Vishwanath Dutt died by accident. The burden of the house fell on Narendra. The condition of the house was very bad. Narendra was a great guest-servant even in extreme poverty. He himself used to feed the guest while being hungry, he himself kept getting wet and chilled all night outside in the rain and put the guest to sleep on his bed.

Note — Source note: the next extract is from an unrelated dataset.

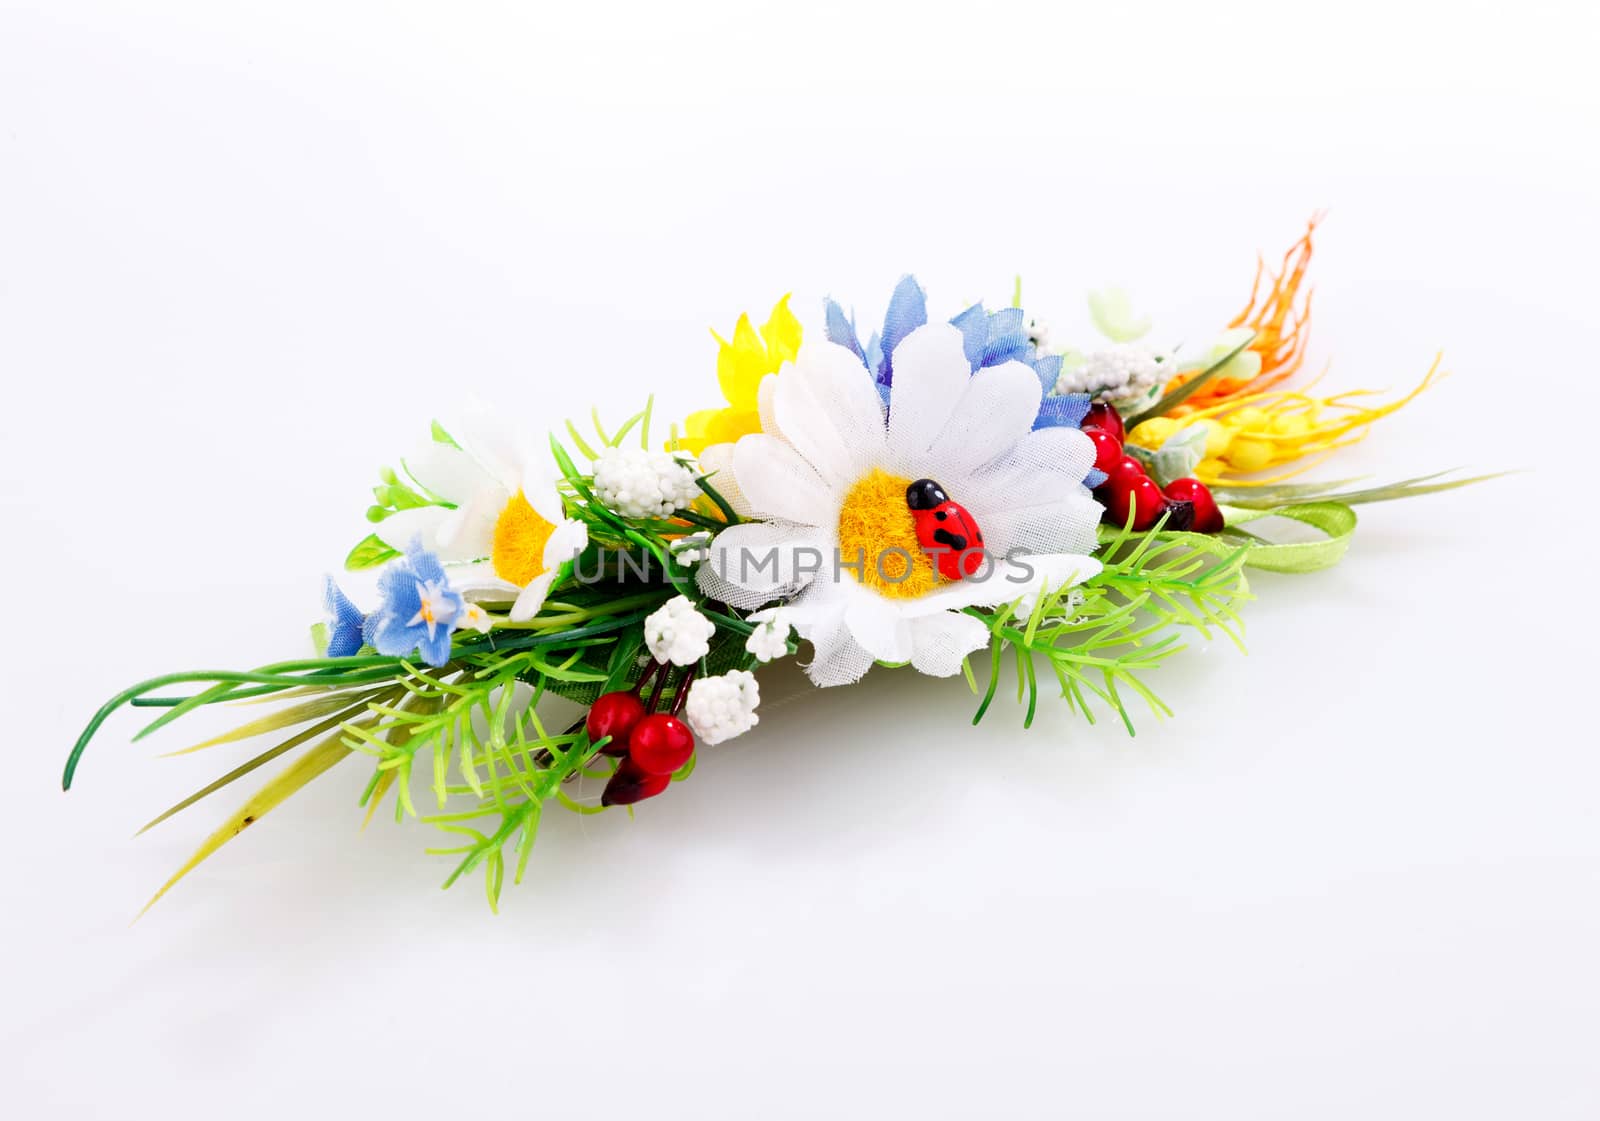 flower arrangement on a white background

Swami Vivekananda had dedicated his life to his Gurudev Sri Ramakrishna. During the days of Gurudev’s death, without worrying about the critical condition of his home and family, without worrying about his own food, he was constantly engaged in the service of the Guru. Gurudev’s body had become very sick.

Vivekananda was a great dreamer. He had envisioned a new society, a society in which there was no distinction between human beings on the basis of religion or caste. He put the principles of Vedanta in this form. Even without getting into the controversy of spiritualism versus materialism, it can be said that the basis of the principle of equality which Vivekananda gave, can hardly find a strong intellectual basis. Vivekananda had great hopes from the youth. For the youth of today, the author has tried to present this biography of this virtuous monk in the context of his contemporary society and historical background.

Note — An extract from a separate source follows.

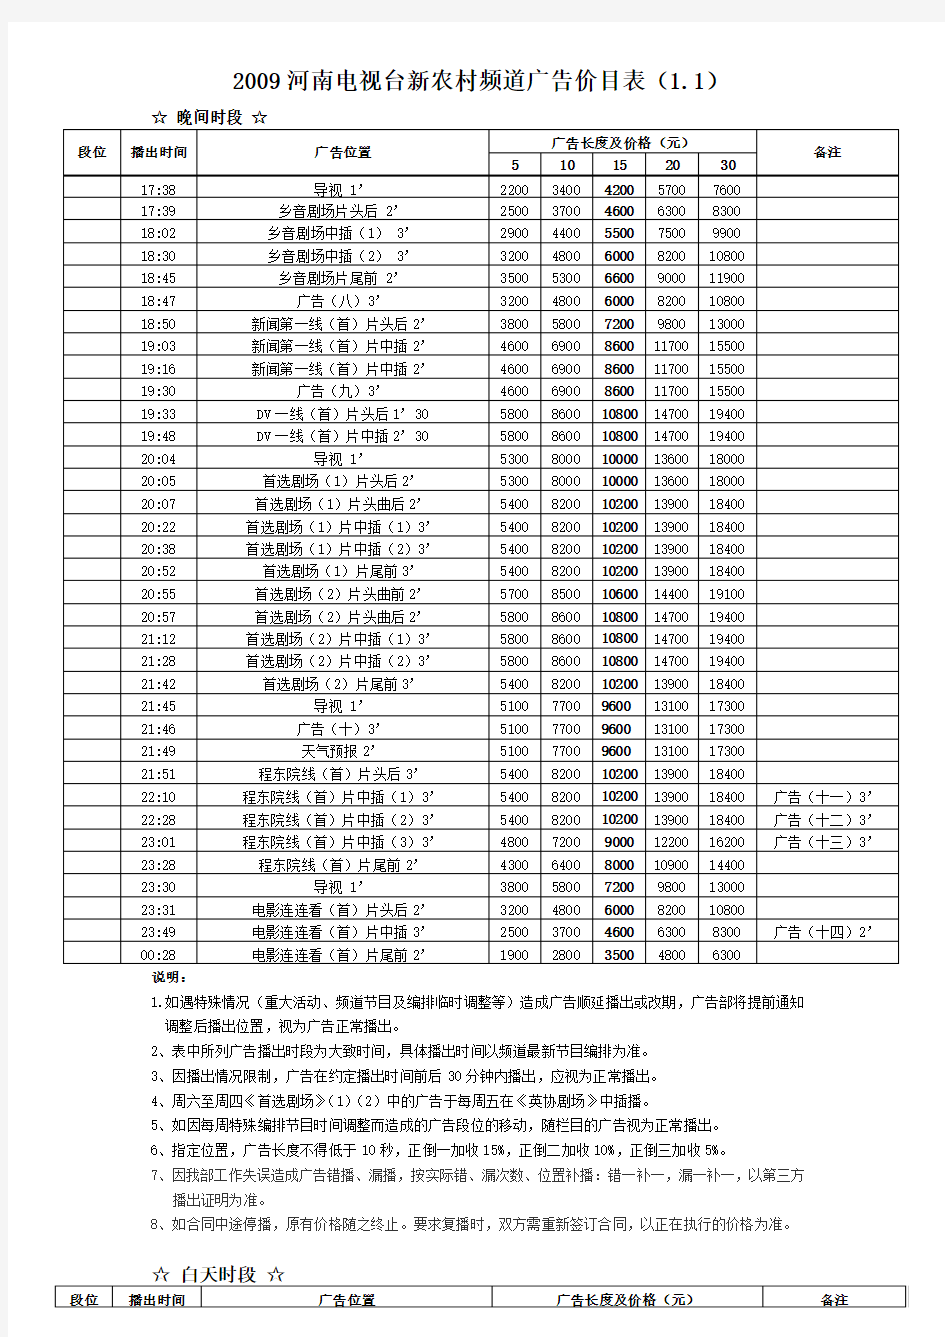 河南电视台新农村频道节目编排表(一)

Since childhood, Narendra was very intelligent and naughty. He used to do mischief with his fellow children, when given a chance, he did not miss to mischief with his teachers as well. In Narendra’s house, daily worship was done regularly, due to religious nature, Mother Bhuvaneshwari Devi was very fond of listening to the stories of Puranas, Ramayana, Mahabharata etc. The narrators used to come regularly to his house. Bhajan-Kirtan was also held regularly. Due to the influence of the family’s religious and spiritual environment, the values ​​of religion and spirituality were deeply ingrained in the mind of child Narendra since childhood. Due to the rituals and religious environment of the parents, the yearning of knowing and attaining God was visible in the child’s mind since childhood. In the eagerness to know about God, sometimes he used to ask such questions that even his parents and narrator Panditji used to get confused.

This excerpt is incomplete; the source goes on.